Burnaby is a bit of an odd duck, but we liked it when we lived there. And now that there is a proper transit route to get you to the other parts of the city, there are no downsides. Well, other than the Vancouver climate... 

Burnaby has a bit of a commuter feel to it, except that it has been sucked into the city proper, so it does have just about everything you could ever want.


----------



## däycüs mäximüs (Nov 30, 2002)

i've noticed that housing seems to be on the expensive side.. is there a town nearby where i should be looking?

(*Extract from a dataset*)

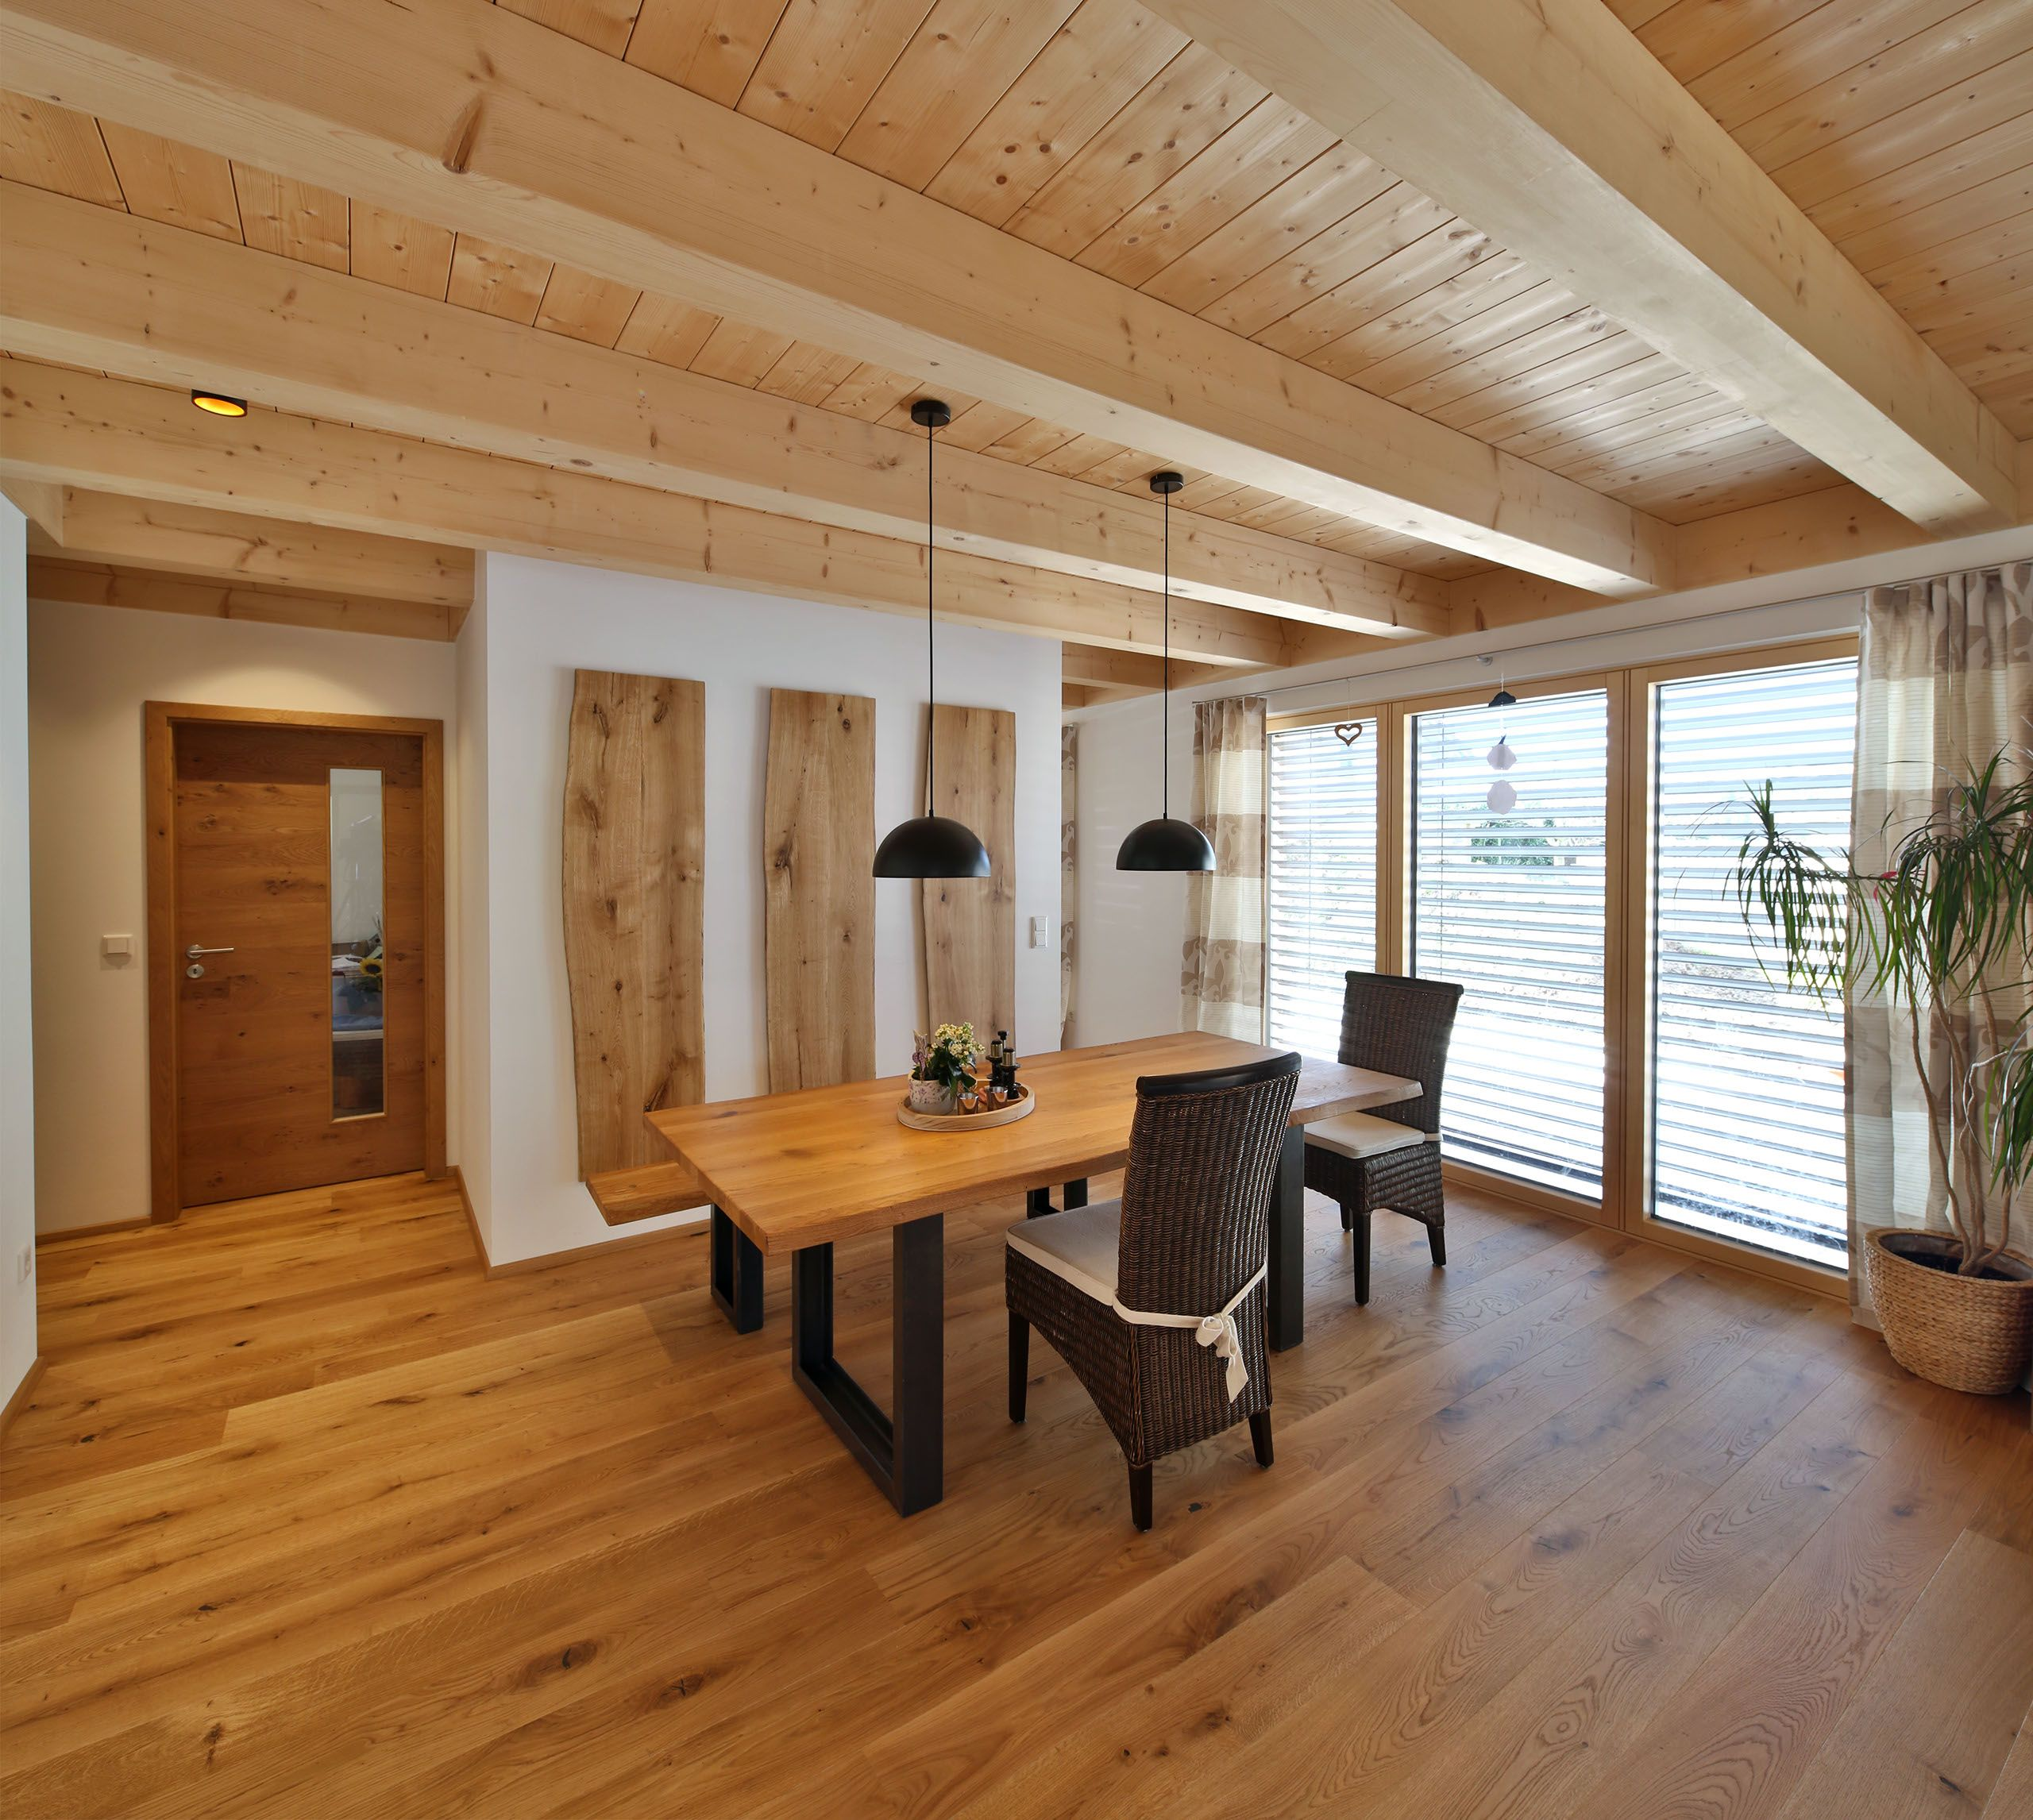 Sondermoning 1 Haus wohnzimmer, Haus innenarchitektur

it's like how it is here.. the closer you live to toronto, the more expensive it is.


----------



## RevMatt (Sep 10, 2005)

Burnaby is not really on the edge of the city, although it is getting close. It is also large, and the road system in Vancouver is possibly the worst I have ever seen. All of which is to say that other options for where to live depend in large part on how much you are willing to travel, and where in Burnaby you have the slight possibility of living.
Yes, housing gets cheaper the farther you move from downtown. But you are going to have to go a long way to find something similar to Hamilton prices...

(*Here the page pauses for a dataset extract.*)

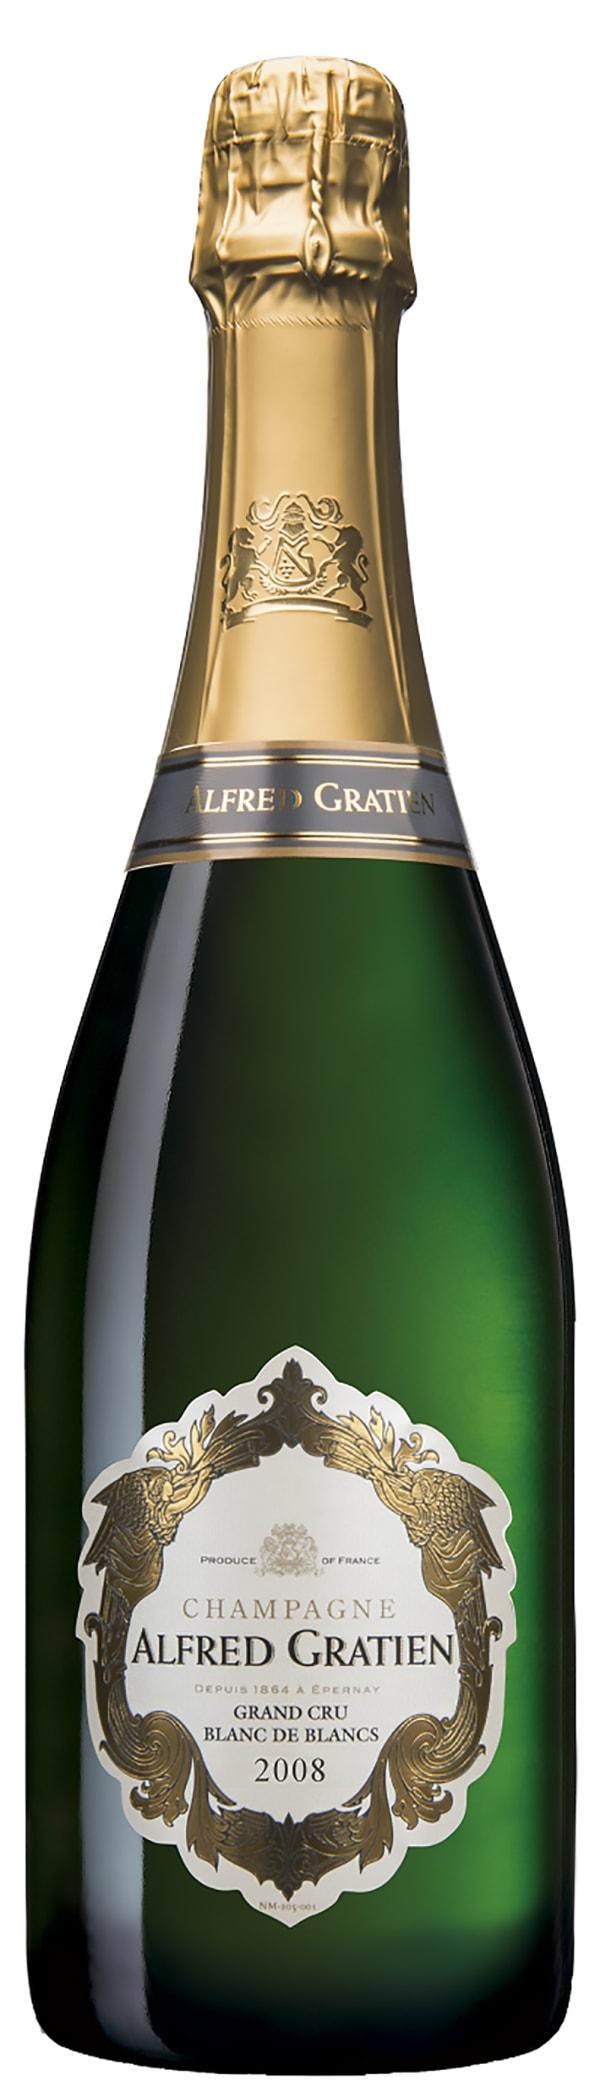 Alfred Gratien Blanc de Blancs Champagne Brut 2008

Anyways, I will let someone who still lives there give you more current, and likely more accurate info.


----------



## däycüs mäximüs (Nov 30, 2002)

thank you for checking this up for me..

anyone else know on the forum know?

just want to get as much of a varied response as possible.


----------



## MLeh (Dec 23, 2005)

Burnaby is a very large municipality, so it really varies depending where you are. There's a university (SFU), plus BCIT, a very large shopping district (MetroTown), a decent transportation link (Skytrain). It's sandwiched in between Vancouver 'proper' and the other municipalities that comprise the GVRD (Greater Vancouver Regional District). The GVRD head offices are in Burnaby. 

There's some nice parks (Deer Lake Park, the SFU grounds, Burnaby Lake Park). 

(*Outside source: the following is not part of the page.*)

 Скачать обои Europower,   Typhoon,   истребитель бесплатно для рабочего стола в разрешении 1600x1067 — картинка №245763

Housing is 'lower mainland housing prices'. It's expensive. More affordable housing is found out in the Fraser Valley, but then there is the commuting. Commuting anywhere on the lower mainland is a nightmare. The only major thoroughfare is the TransCanada, and once you leave that there is no real thoroughfares in any of the municipalities, so traffic can be a nightmare. It's a parking lot westbound in the mornings and the same thing eastbound in the afternoon/evenings. If you live on the other side of a bridge from work you will learn how to merge. And there are bridges EVERYWHERE. Aside from the Skytrain, public transportation is rather pathetic, but driving is worse (find a buddy so you can use the HOV lane).


----------



## däycüs mäximüs (Nov 30, 2002)

so i should ditch my car when i get there?

my god, which is worse?


----------



## Vandave (Feb 26, 2005)

MLeh pretty much has it dead on. Burnaby is basically continuous with Vancouver.

Burnaby is a little more central than Vancouver if you like to get out of the City, which I why I like living here. There aren't really any bad areas that you would have to worry about.

Where in Burnaby would you be working? Getting around by car in Burnaby is fine and you can commute from any part of it to another with big problems. The choke points in our city are the freeway and the bridges. If you want to lose your car, you'll have to be very strategic with where you live and work.


----------



## jay_eh (Jan 6, 2006)

Just wondering what everyone does to afford housing in Burnaby or Vancouver and possibly Calgary (with the increasing housing prices). 

I am finishing university next year, live in Ontario and want to move out and go West. I remember briefly looking at the housing costs in Vancouver downtown (I know downtowns always more) but it looks like you really need to make $120 K plus to have a 1/2 decent house in a nice neighborhood in these cities.... 

Am I right, or is there any cities people can suggest? I like to scout ahead of time.


----------



## MLeh (Dec 23, 2005)

jay_eh: What are you going to do for a living when you graduate from Uni?

(That will make a big difference to my response)


----------



## Vandave (Feb 26, 2005)

jay_eh said:


> Just wondering what everyone does to afford housing in Burnaby or Vancouver and possibly Calgary (with the increasing housing prices).
> 
> I am finishing university next year, live in Ontario and want to move out and go West. I remember briefly looking at the housing costs in Vancouver downtown (I know downtowns always more) but it looks like you really need to make $120 K plus to have a 1/2 decent house in a nice neighborhood in these cities....
> 
> Am I right, or is there any cities people can suggest? I like to scout ahead of time.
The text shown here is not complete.